Created attachment 143905 [details]
The error log
We have an Acer Squirtle_SR laptop equipped with AMD A9-9420e RADEON R5, 5 COMPUTE CORES 2C+3G and [AMD/ATI] Topaz XT [Radeon R7 M260/M265 / M340/M360 / M440/M445] [1002:6900]. We test it with Linux kernel 5.1.0-rc4. The system hits the following error and makes system hang up:
Apr 09 11:28:57 endless kernel: AMD-Vi: Completion-Wait loop timed out
Apr 09 11:28:57 endless kernel: iwlwifi 0000:03:00.0: AMD-Vi: Event logged [IO_PAGE_FAULT domain=0x0000 address=0xff814000 flags=0x0050]
The worst case is the disk's block may be disrupted, then we have to re-install the system if it cannot be recovered by fsck.
If we blacklist the amdgpu module, then system will not hit the error. But system has no GUI, and only shows console.
If iommu=soft is appended to the boot command, system works fine.
The [AMD/ATI] Topaz XT [Radeon R7 M260/M265 / M340/M360 / M440/M445] [1002:6900]
01:00.0 Display controller : Advanced Micro Devices, Inc. [AMD/ATI] Topaz XT [Radeon R7 M260/M265 / M340/M360 / M440/M445] [1002:6900] (rev c3)
Subsystem: Acer Incorporated [ALI] Topaz XT [Radeon R7 M260/M265 / M340/M360 / M440/M445] [1025:1217]
Physical Slot: 0
Flags: bus master, fast devsel, latency 0, IRQ 44
Memory at c0000000 (64-bit, prefetchable) [size=256M]
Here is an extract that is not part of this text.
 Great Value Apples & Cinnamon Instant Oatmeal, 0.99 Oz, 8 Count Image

Memory at d0000000 (64-bit, prefetchable) [size=2M]
I/O ports at 3000 [size=256]
Memory at d1400000 (32-bit, non-prefetchable) [size=256K]
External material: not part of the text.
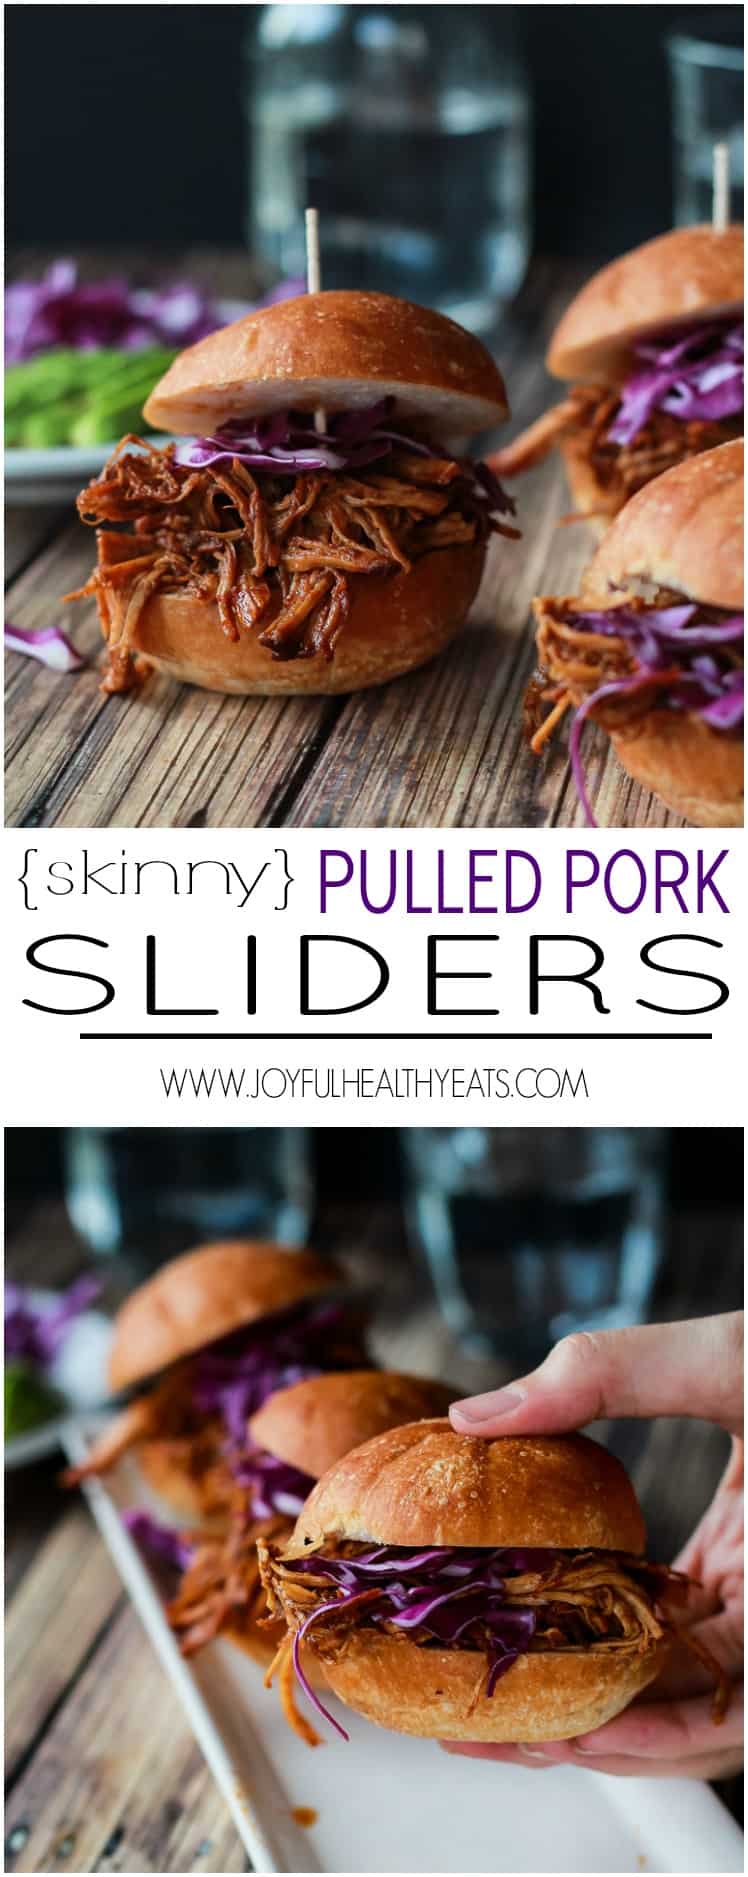 Seriously can't get enough of these! Must make for next party, so easy ... Skinny Pulled Pork Sliders | www.joyfulhealthyeats.com

Expansion ROM at d1440000 [disabled] [size=128K]
Capabilities:  Vendor Specific Information: Len=08 <?>
Capabilities:  Power Management version 3
Capabilities:  Express Legacy Endpoint, MSI 00
Capabilities: [a0] MSI: Enable+ Count=1/1 Maskable- 64bit+
Capabilities:  Vendor Specific Information: ID=0001 Rev=1 Len=010 <?>
Capabilities:  Advanced Error Reporting
Capabilities:  #19
Capabilities: [2b0] Address Translation Service (ATS)
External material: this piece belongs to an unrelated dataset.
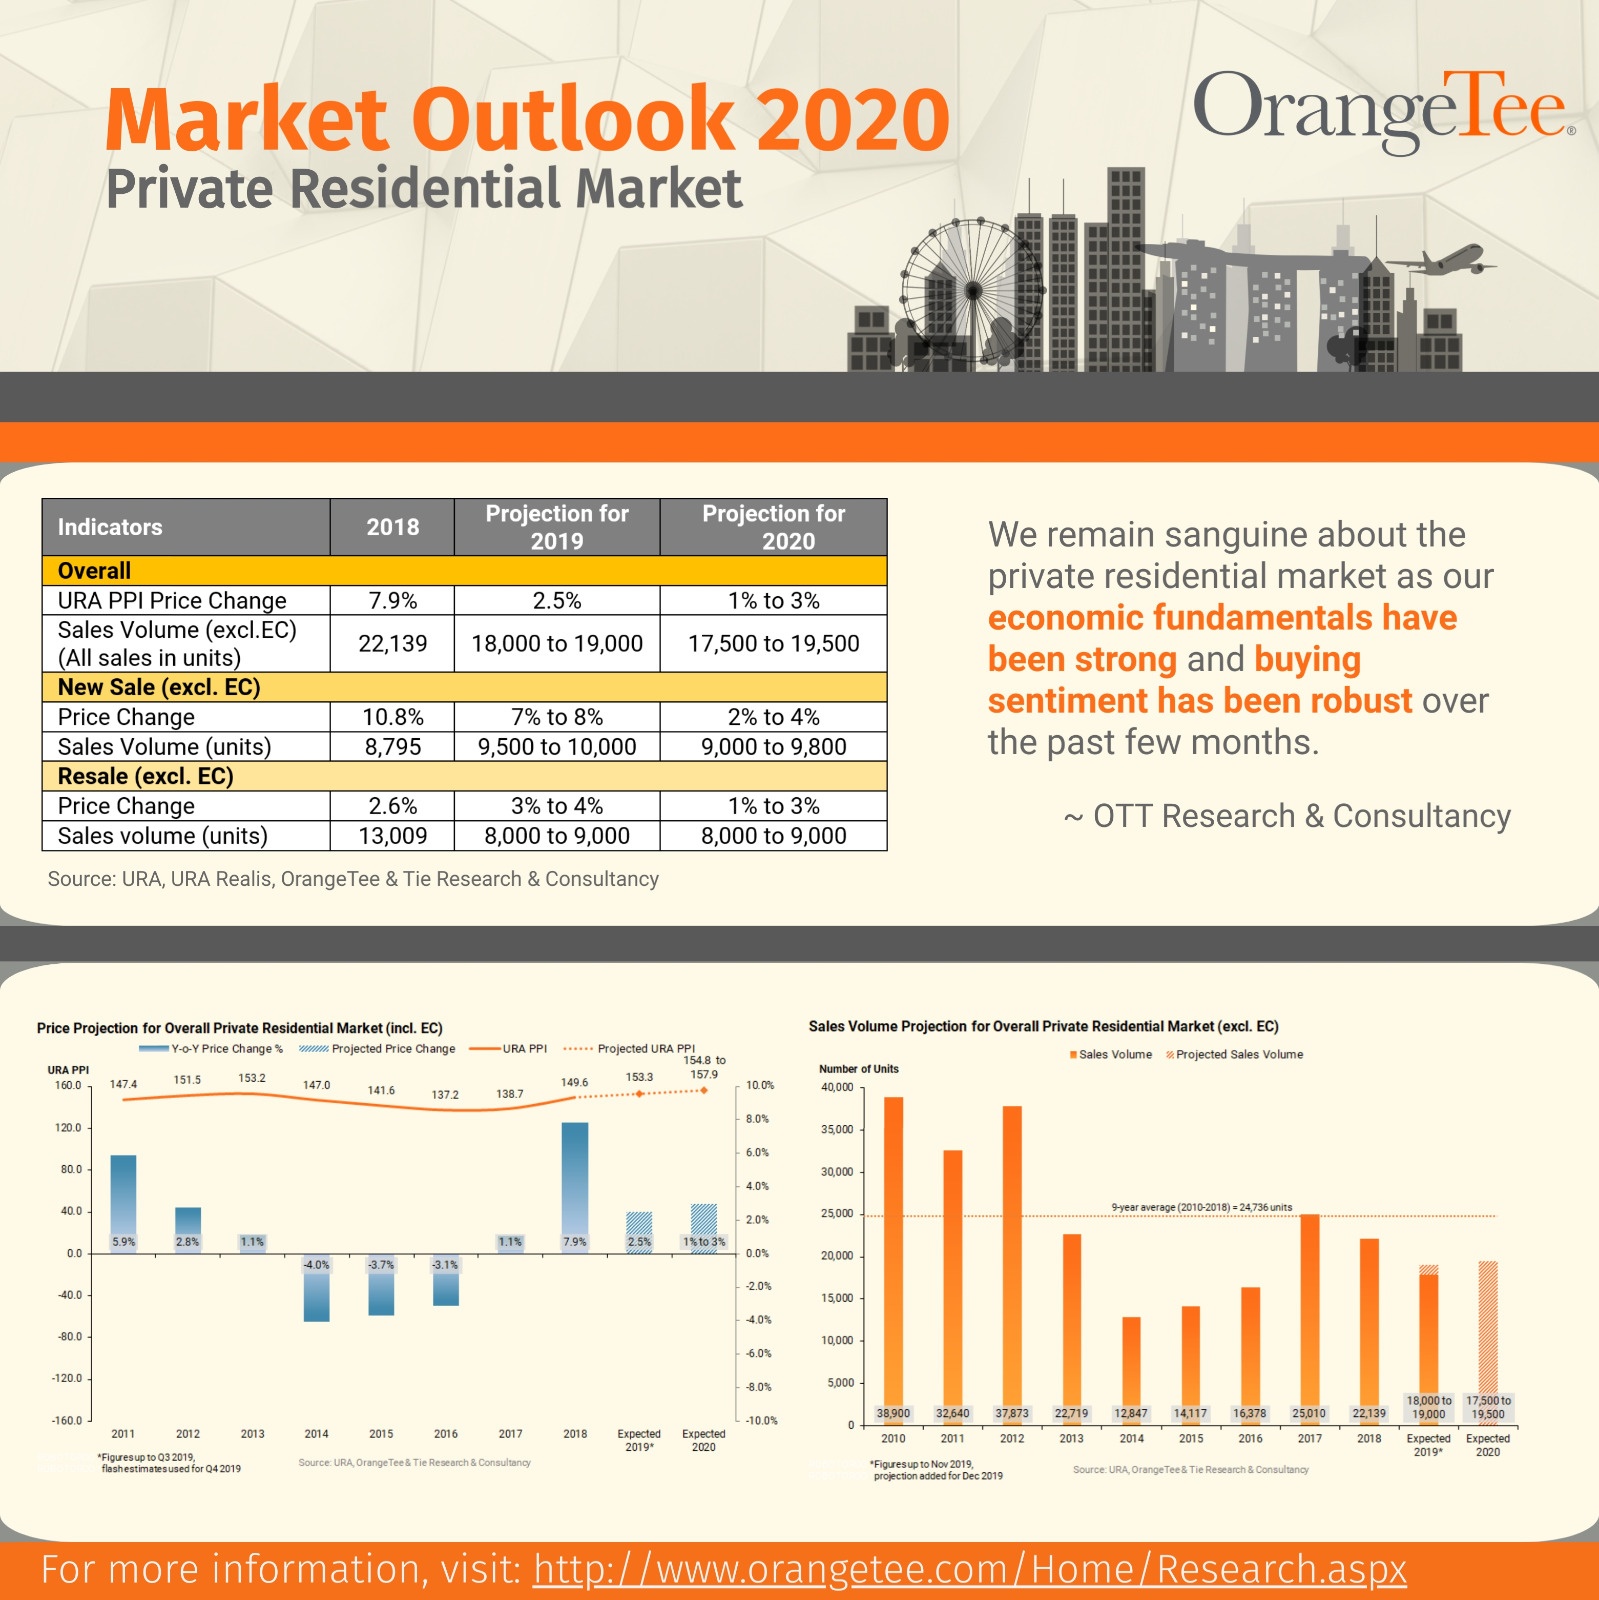 PRIVATE RESIDENTIAL MARKET OUTLOOK 2020 (Singapore)

Capabilities: [2c0] Page Request Interface (PRI)
Capabilities: [2d0] Process Address Space ID (PASID)
Kernel driver in use: amdgpu
Kernel modules: amdgpu
Does booting with amdgpu.runpm=0 on the kernel command line in grub help?
Created attachment 143916 [details]
The dmesg of disabled amdgpu's runpm
(In reply to Alex Deucher from comment #2)
> Does booting with amdgpu.runpm=0 on the kernel command line in grub help?
System boots correctly with amdgpu.runpm=0 on the kernel command line.
Created attachment 143930 [details]
The dmesg of disabled pci ats
Also tested with 'pci=noats' on boot command which is mentioned in https://bugzilla.kernel.org/show_bug.cgi?id=194521#c24
System also boots fine.
Please attach the output of lspci -vnn
Created attachment 143946 [details]
Any thing else I can help more? Test or need more information, log? :)
(In reply to Alex Deucher from comment #8)
I think it's actually a problem with runtime pm and some pci state. I may ask you to help debug that when I get a chance.
Thanks Alex. We will have to return this unit to the vendor at some point, but we will try to hold onto it for another month so that we can run any tests you request.
Alternatively, we may be able to get an affected unit shipped to you on a 1-month loan. Would that be useful?